Ventricular Diastolic Dysfunction


Robert A. Taylor

Carlos A. Roldan





  • Ventricular diastole includes four phases: (i) left ventricle (LV) relaxation or pressure fall (from aortic valve closure to mitral valve opening), (ii) rapid filling (after mitral valve opening), (iii) diastasis (passive low filling), and (iv) atrial contraction.


  • Ventricular diastole depends on elastic recoil, ventricular energy-dependent relaxation, compliance, and atrial pressure.


  • Ventricular filling is influenced by volume status, diastolic filling time, wall tension, and contractility and therefore is altered by preload, heart rate, afterload, and systolic function.


  • Increased chamber stiffness or diastolic dysfunction prevents adequate filling of the ventricles at normal atrial pressures and is due to impaired relaxation, decreased compliance, or commonly both. These abnormalities occur over a continuum.


  • Elevation of LV end-diastolic pressure (LVEDP) and right ventricular (RV) end-diastolic pressure (RVEDP) of 16 mm Hg and 12 mm Hg, respectively, is seen in diastolic dysfunction independent of systolic function.


  • Diastolic dysfunction in the absence of systolic dysfunction is the cause of clinical heart failure (CHF) in 30% to 40% of patients (1).


  • Mortality curves for systolic and diastolic CHF are virtually identical, both demonstrating a poor prognosis regardless of etiology (2).


  • Asymptomatic diastolic dysfunction is common by Doppler echocardiography (echo) and is also a poor prognostic indicator (3,4).


  • The history and physical examination have low sensitivity for the detection of diastolic dysfunction and is limited in distinguishing systolic from diastolic CHF.


  • Doppler echo allows for an accurate diagnosis and assessment of the severity of diastolic dysfunction and is essential in the evaluation, treatment, and follow-up of patients with diastolic CHF (4,5).


Common Etiologies



  • Clinical or subclinical LV diastolic dysfunction is more prevalent as an isolated abnormality than mixed systolic and diastolic dysfunction. However, most, if not all, patients with systolic dysfunction also have diastolic dysfunction.


  • Controlled Doppler echo series in asymptomatic patients with risk factors for diastolic dysfunction have shown that LV diastolic dysfunction (grade 1 and uncommonly grade 2) is at least as prevalent as clinical diastolic dysfunction (4,5).
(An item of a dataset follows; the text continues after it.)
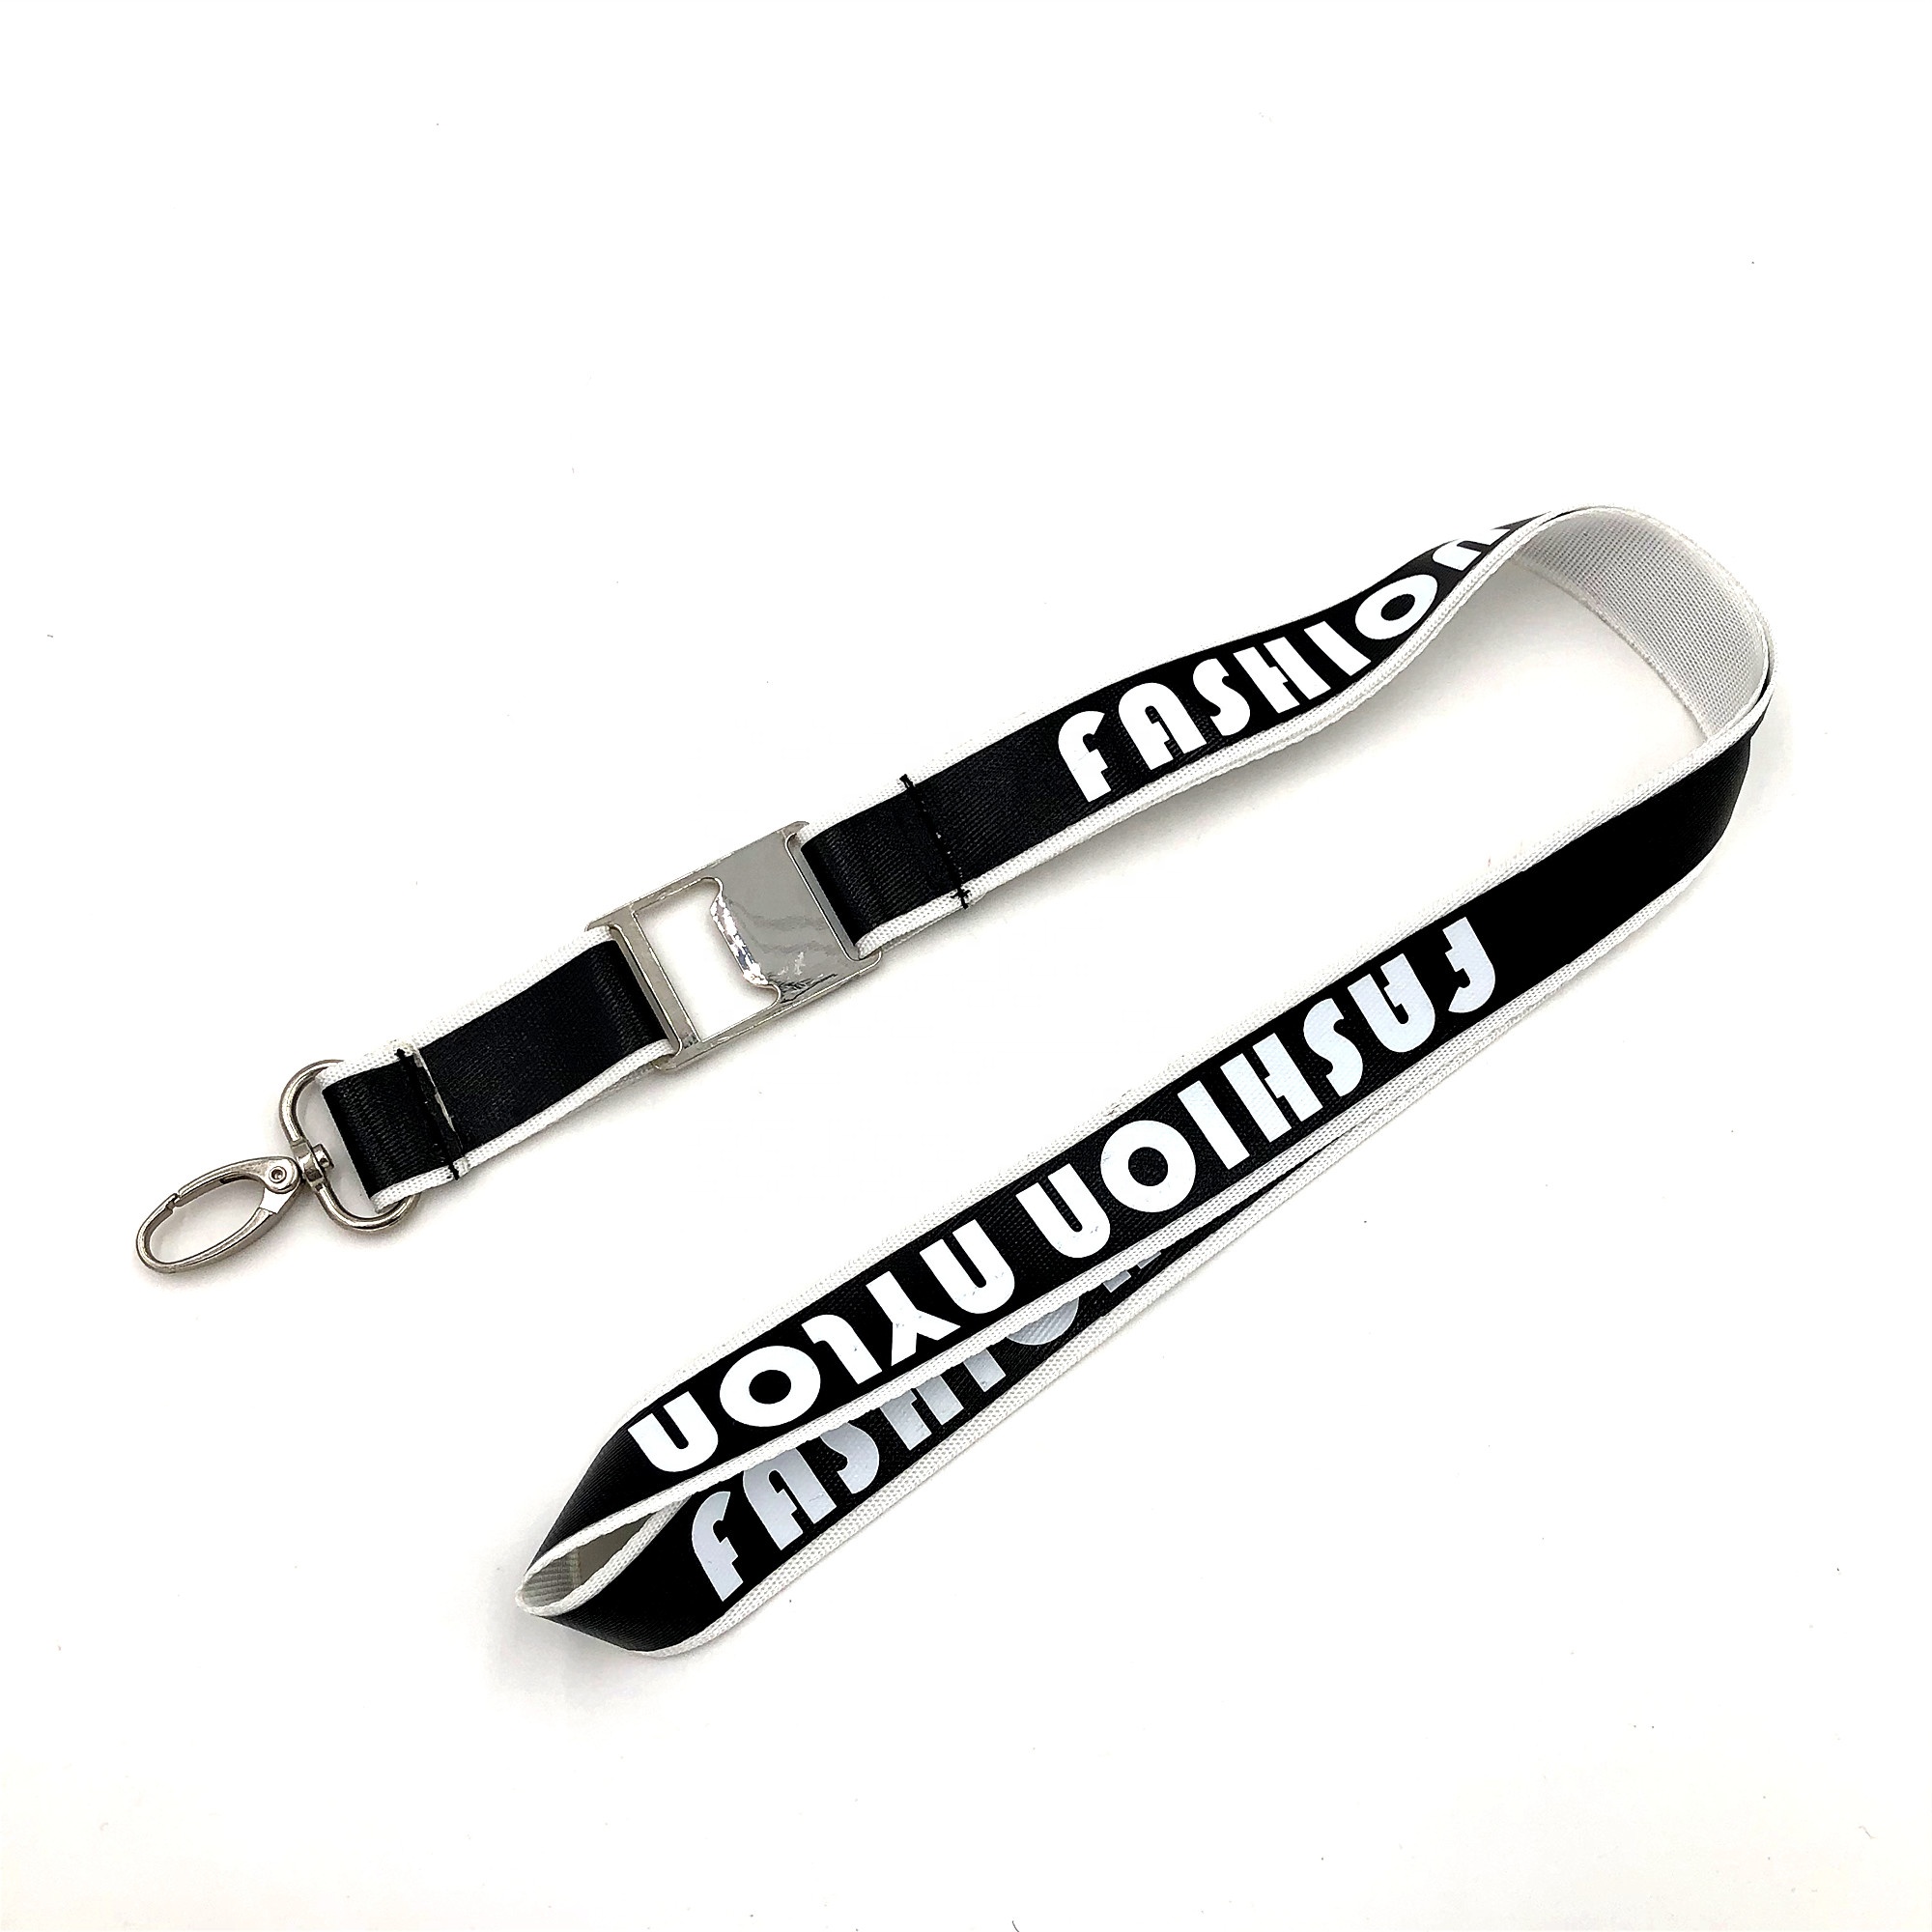 China Cheap price Sublimation Printing Lanyard – Factory wholesale low price high quality custom made bottle opener lanyard – Bison

  • Isolated LV diastolic dysfunction: The most common causes are aging, hypertension with and without LV hypertrophy, and coronary artery disease (CAD) (Table 4.1).
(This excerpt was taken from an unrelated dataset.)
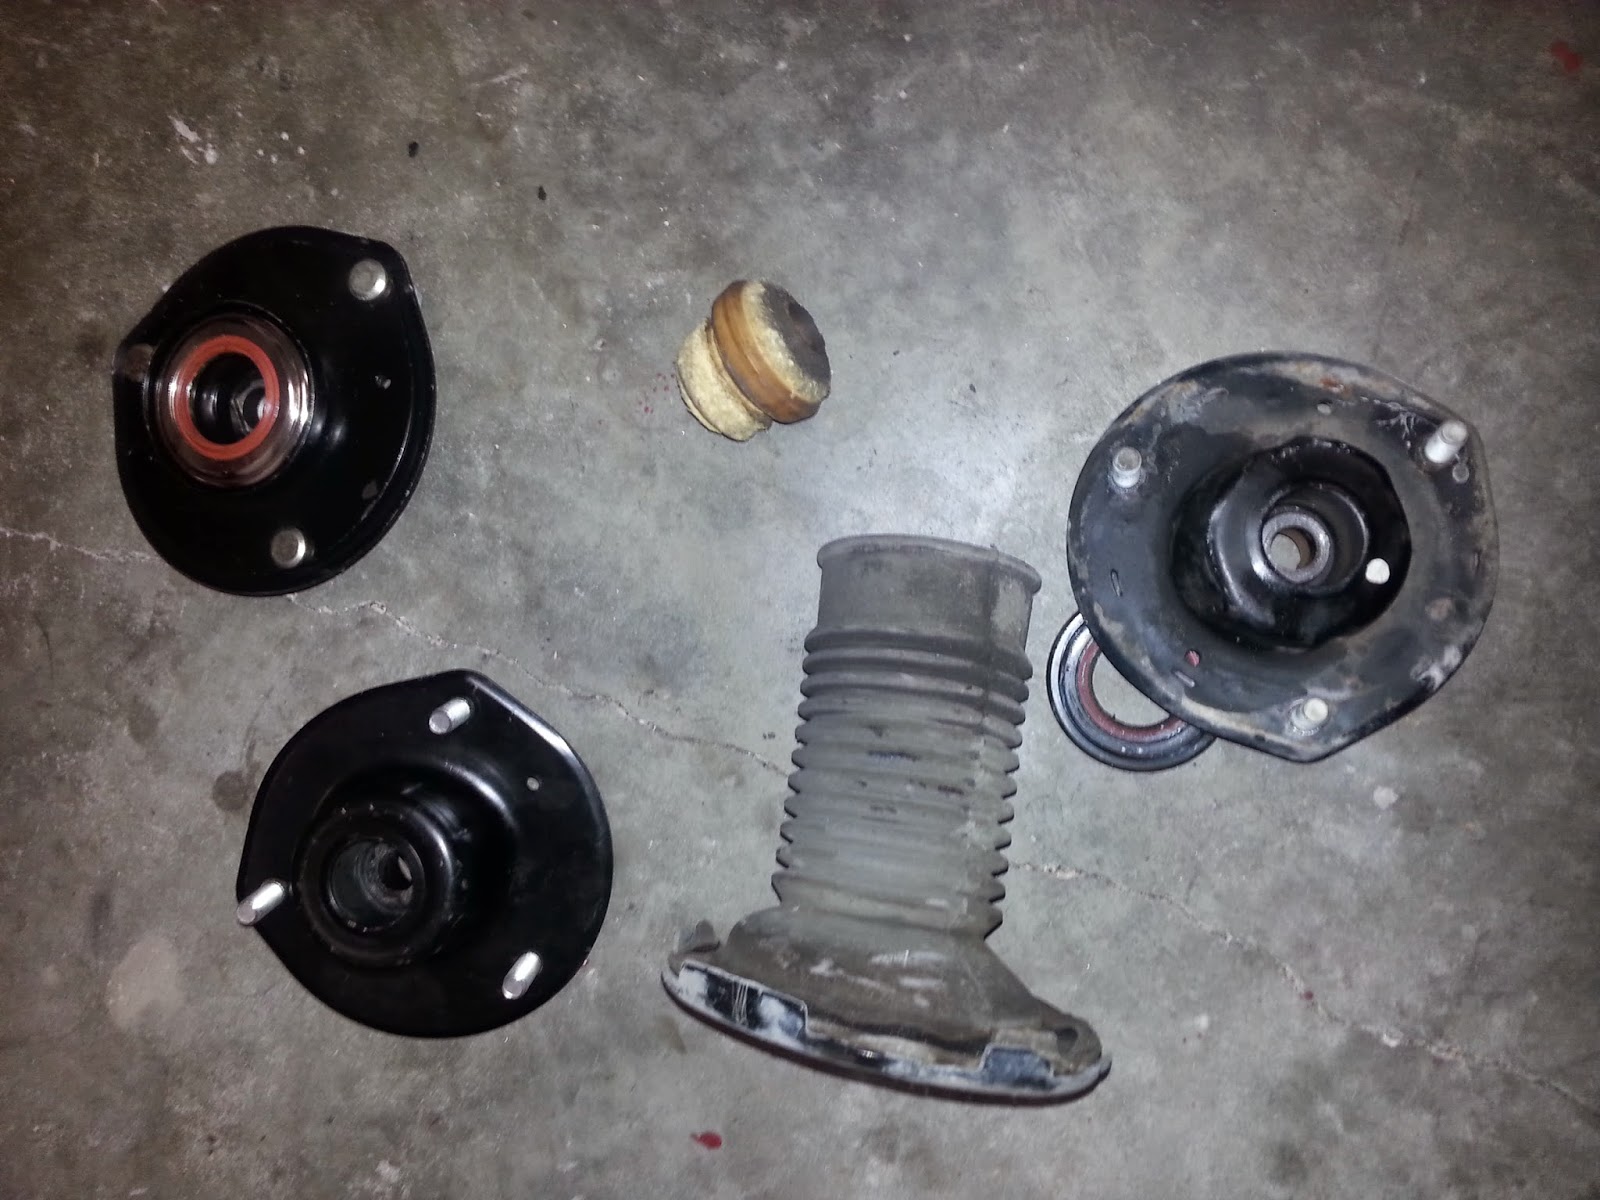 Corolla DIY: DIY - Toyota Camry Front Strut Replacement

  • Mixed LV systolic and diastolic dysfunction (Table 4.1): All disease processes causing LV systolic dysfunction cause variable degrees of diastolic dysfunction due to the effects of myocardial disease or ventricular dilatation on LV compliance. Hypertension, microvascular or epicardial CAD, and valvular heart disease are the predominant causes.


  • The most common causes of diastolic dysfunction of the RV are pulmonary hypertension of any etiology (for which left heart disease is probably the most common cause) and RV ischemia or infarction (6) (Table 4.2). However, several conditions that affect the LV also affect the RV (Table 4.1). Isolated infiltrative RV diseases are uncommon.









Table 4.1 Causes of left ventricular diastolic dysfunction










Isolated diastolic dysfunction
Aging
Hypertension with and without left ventricular hypertrophy
Coronary artery disease
Valvular disease before systolic dysfunction
  Mitral or tricuspid regurgitation
  Aortic or pulmonic stenosis
  Aortic or pulmonic regurgitation
Hypertrophic cardiomyopathy
Restrictive cardiomyopathy
  Infiltrative diseases
   Hemochromatosis
   Amyloidosis
   Glycogen storage diseases
   Sarcoidosis
  Carcinoid
  Radiation
  Endomyocardial disease (with and without eosinophilia)
  Scleroderma
  Endomyocardial fibrosis
Constrictive pericarditis
Post heart transplant inflammation
Mixed systolic and diastolic dysfunction
Ischemic cardiomyopathy
Hypertensive cardiomyopathy
Valvular disease with ventricular systolic dysfunction
Other nonischemic cardiomyopathies
  Toxins (e.g., alcohol, amphetamines, cocaine)
  Tachycardia-induced cardiomyopathy
  Viral (including HIV)
  Peripartum cardiomyopathy
  Obesity
  Amyloidosis
Restrictive cardiomyopathy, uncommon


Echocardiography


Indications for Echocardiography in Patients with Diastolic Dysfunction

General indications for Doppler echo in the evaluation of patients with suspected or known ventricular diastolic dysfunction include the following:



  • Evaluation of symptomatic patients to detect and assess the severity of ventricular diastolic and systolic dysfunction.


  • To determine the cardiac etiology of ventricular diastolic dysfunction.


  • To assess the prognosis of patients with ventricular diastolic dysfunction.


  • To assess the short- and long-term response to therapy for diastolic dysfunction.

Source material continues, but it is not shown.